I was able to make about 10 miles before the rain started. The next five hours weren’t particularly exciting- I ate breakfast, read, took a nap, and remarked on how it was getting colder as well as windier and rainier- but finally the rain cleared and I got back under way again. While it was finished with its rainy antics, Illinois still had plenty of tricks left to throw at me: rolling hills, the famous “wind coming from every direction you’re trying to bike in,” and even a few snowflakes (I counted 7). As the day went on, the wind gradually lessened and the hills flattened out, so by the time the sun was down, the riding was more or less tolerable.

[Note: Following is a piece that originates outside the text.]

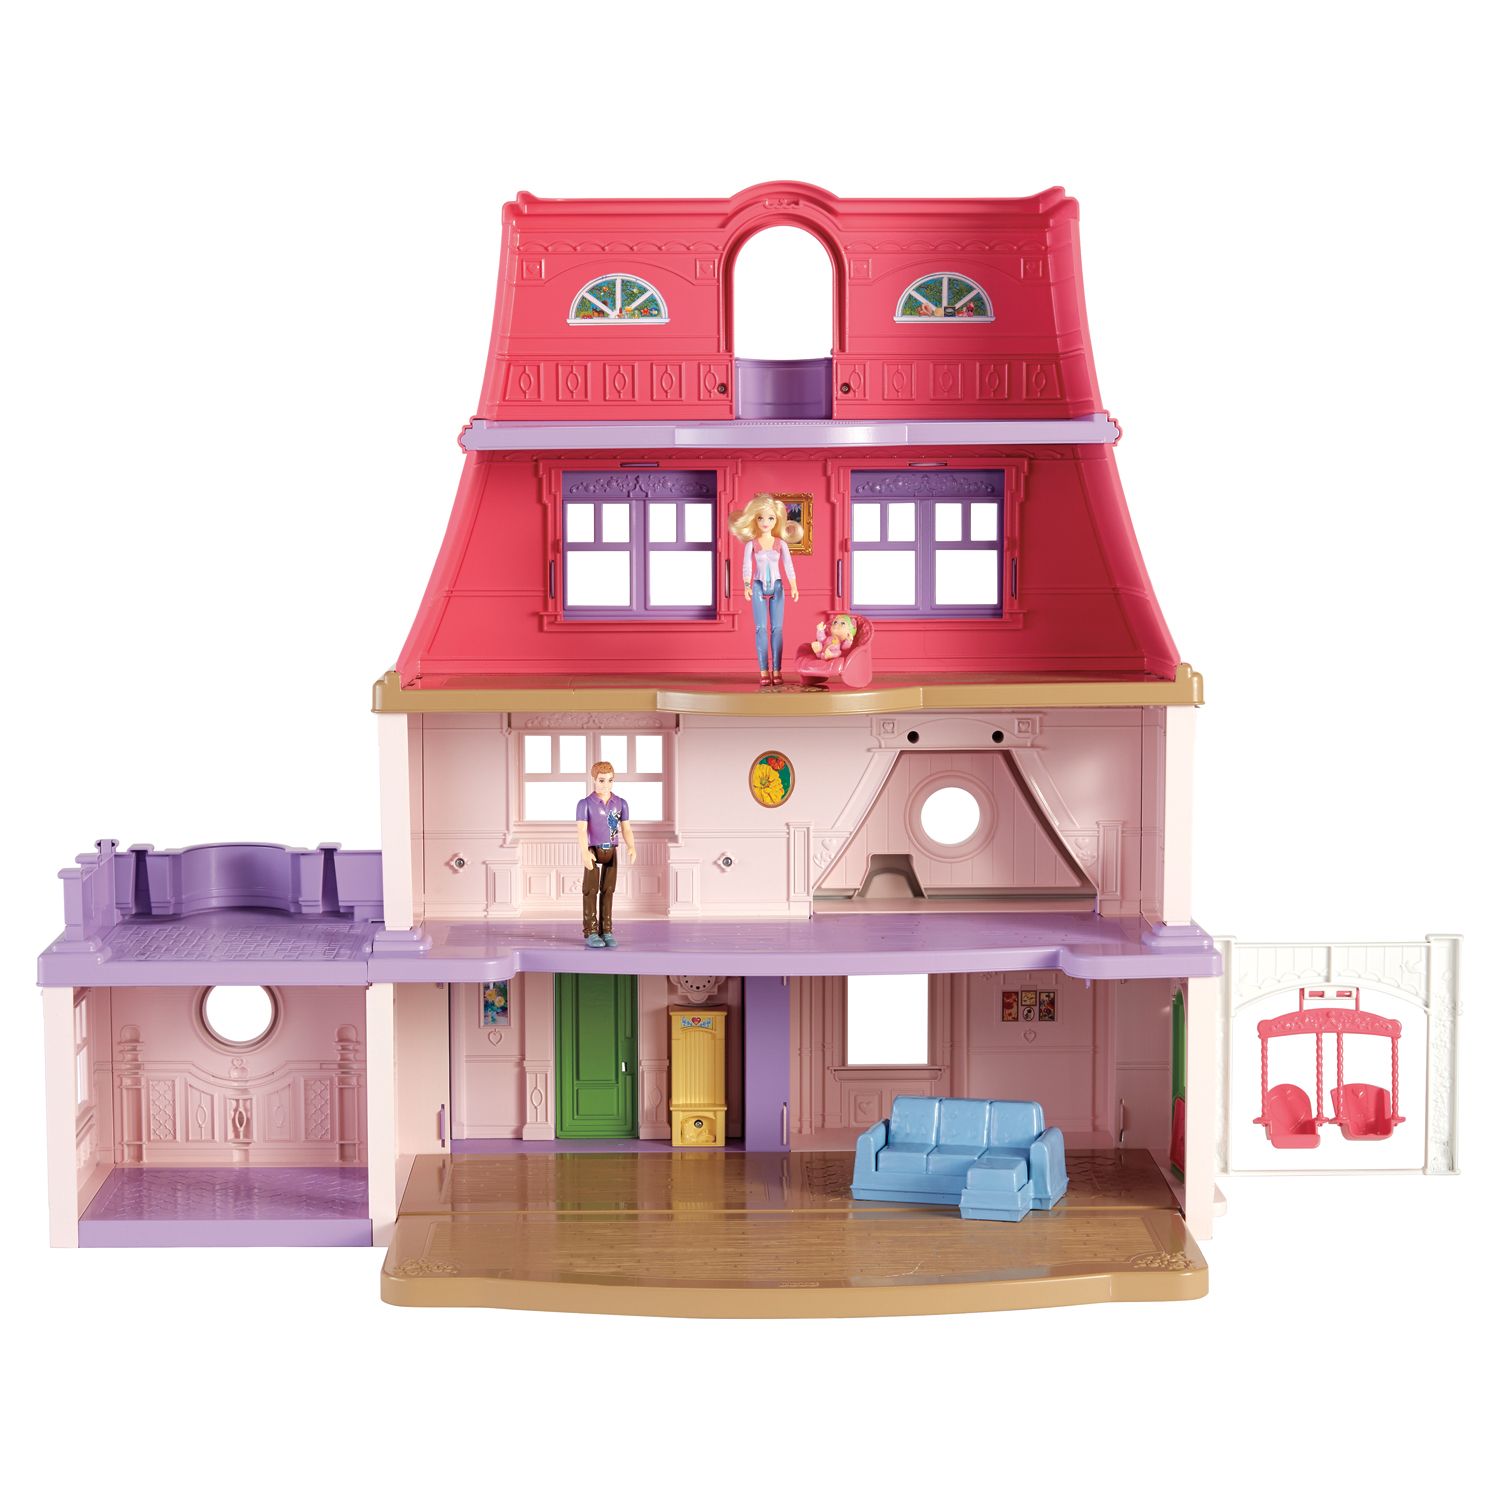 fisher price dollhouse

Waking up (post sunrise) on the following morning, iwas very happy to find that the weather trend had continued overnight, and except for the sub-freezing temperature, the day was just about perfect. Starting out with a stretch of the Tunnel Hill State Trail, I got to see an abundance of icicles (the first ones of the year for me) and a very cool/spooky tunnel. I hadn’t expected to find any rail trails this far west, so although I only followed it for a mile or so, I did get to imagine I was a train, just like back in New York.

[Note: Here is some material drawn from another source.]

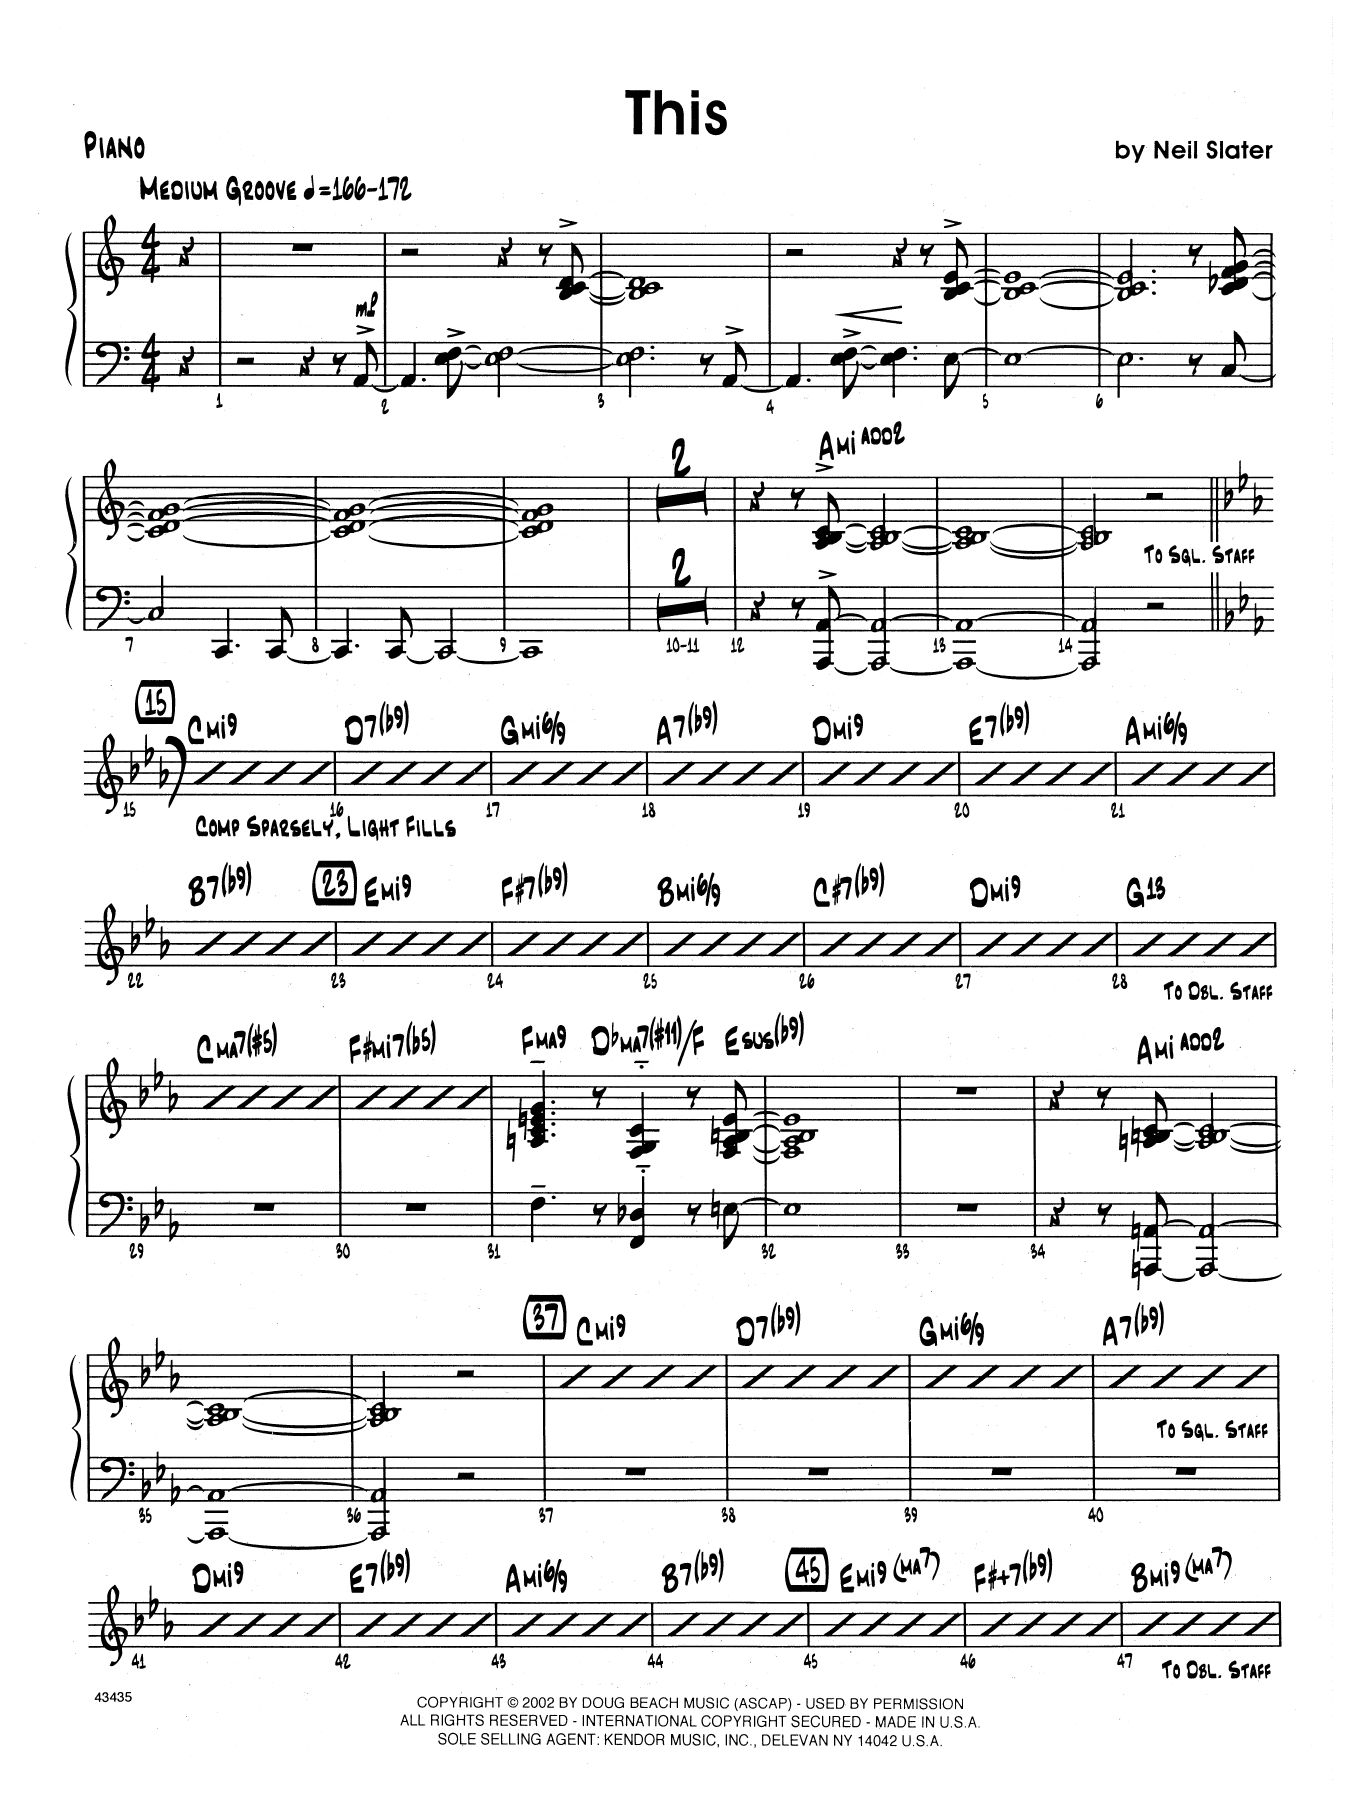 Download Neil Slater This - Piano Sheet Music

Heading north to Carbondale, I encountered the greatest challenge of the Illinois leg of the trip: The Indian restaurant I had hoped to have lunch at was unexpectedly closed. I should point out now that one of the several purposes of this trip is to complete a nationwide evaluation of Indian restaurants. So far, the best was Lumbini in Baltimore, with Princeton NJ coming in a close second, and Taste of India in Charlottesville a distant third. I had high hopes for Reema’s Indian Cuisine, but now I may never know. After coping with the disappointment and having some peanut butter sandwiches for lunch, I headed west towards to Mississippi, where I was rewarded with the most incredibly flat floodplain to ride upon. My goal for today had been to make it to Missouri, but with such an abundance of flat land to traverse I took a scenic detour, riding along the levee on the riverbank and crisscrossing the fields, in total awe of the zero elevation change for almost 12 miles. Curiously, it appears that there is a coal mine only a few hundred meters from the river itself, with a huge conveyor belt that travels up, over the levee and road, and all the way to the river to deposit coal in barges. It’s very loud- I think they keep the machinery running all the time regardless of mining/loading activity- and probably is annoying to live near. But it might explain the villages build seemingly at random in the middle of what’s otherwise a wheat field- I guess someone is doing the mining and loading.

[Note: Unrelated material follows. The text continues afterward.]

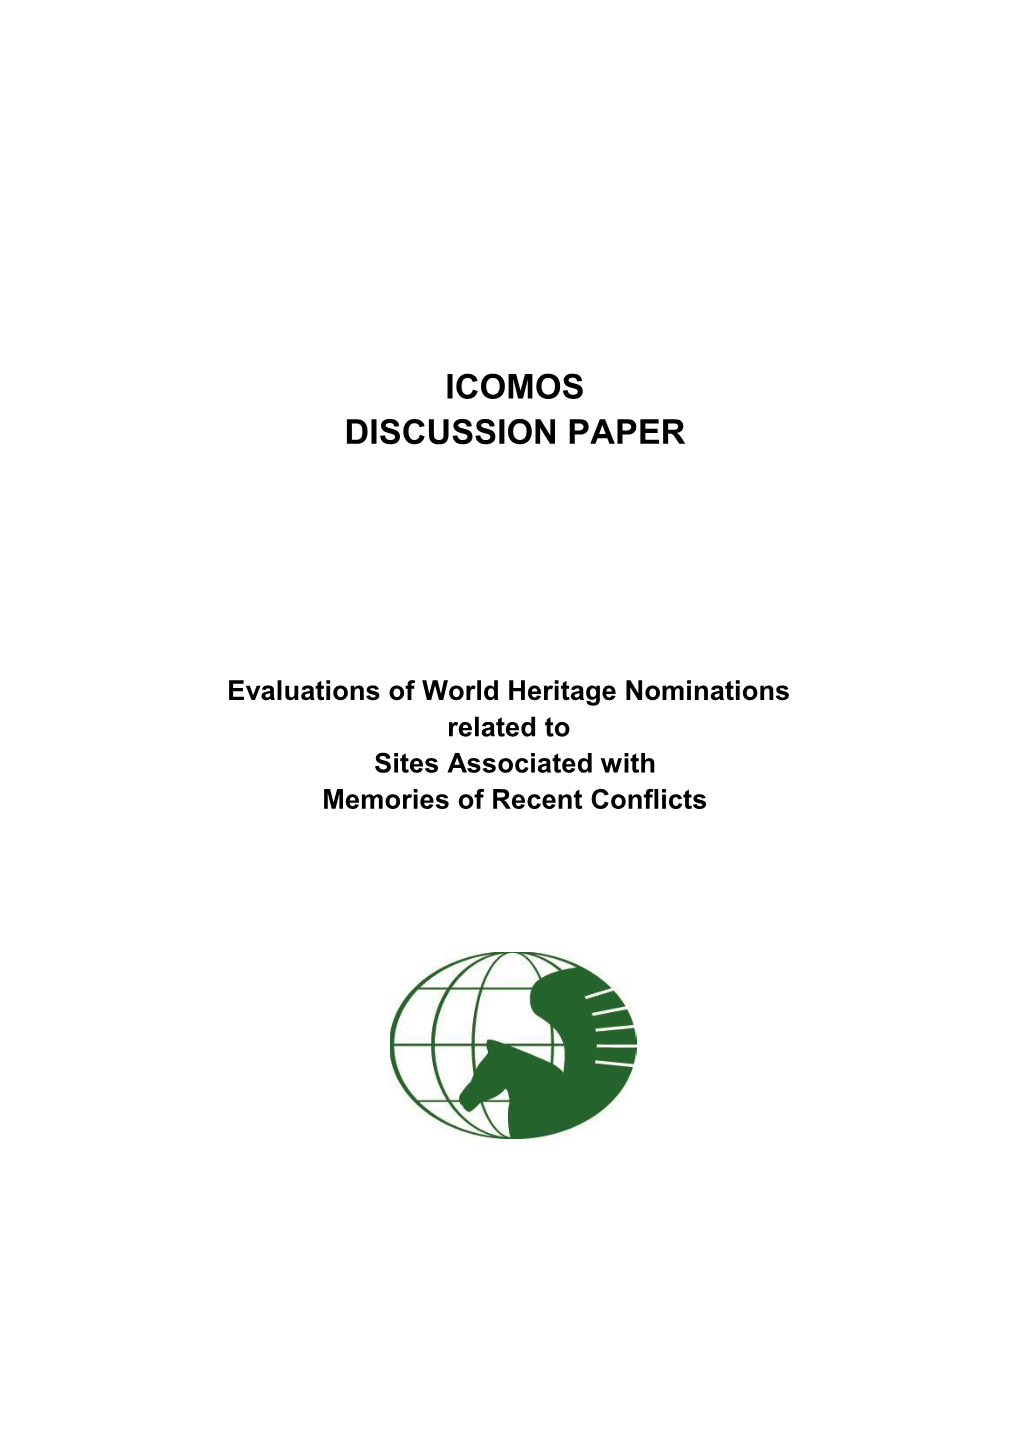 Evaluations of World Heritage Nominations Related to Sites Associated with Memories of Recent Conflicts

As easy as the flat riding was, the excessive detour pretty much guaranteed that I did not cross the river today, but by early morning tomorrow I expect to be on the western shore.

Day 26: Kentucky & Illinois

Another sunny morning, the second in a row, but this one vastly more frosty than the previous. The biggest problem with frost is that all that water stays stuck to things- and then melts- so it’s difficult to dry things off, even if you whack as much ice off them as possible.

If you have any tips, I would love to hear them.

I got going through what I pretty quickly realized is chicken factory farm territory, complete with company-owned farms and hatcheries, which oddly have signs that say “work carefully, someone who loves you is expecting you home tonight.” I assumed until that point that a chicken hatchery is a place where baby chickens are hatched, but perhaps there is some dinosaur hatching at work here too? More flat lands meant more smooth and quick riding, and before too long I moved out of sad chicken territory and into tobacco, oil well, and power plant territory! Tobacco is a curious plant- it actually smells very nice when it’s hanging out to dry, a sweet and leafy smell, but burning it creates a smell somewhere between melting brakes and PVC fires that I don’t believe anyone actually enjoys. Truly, one of the marvels of organic chemistry.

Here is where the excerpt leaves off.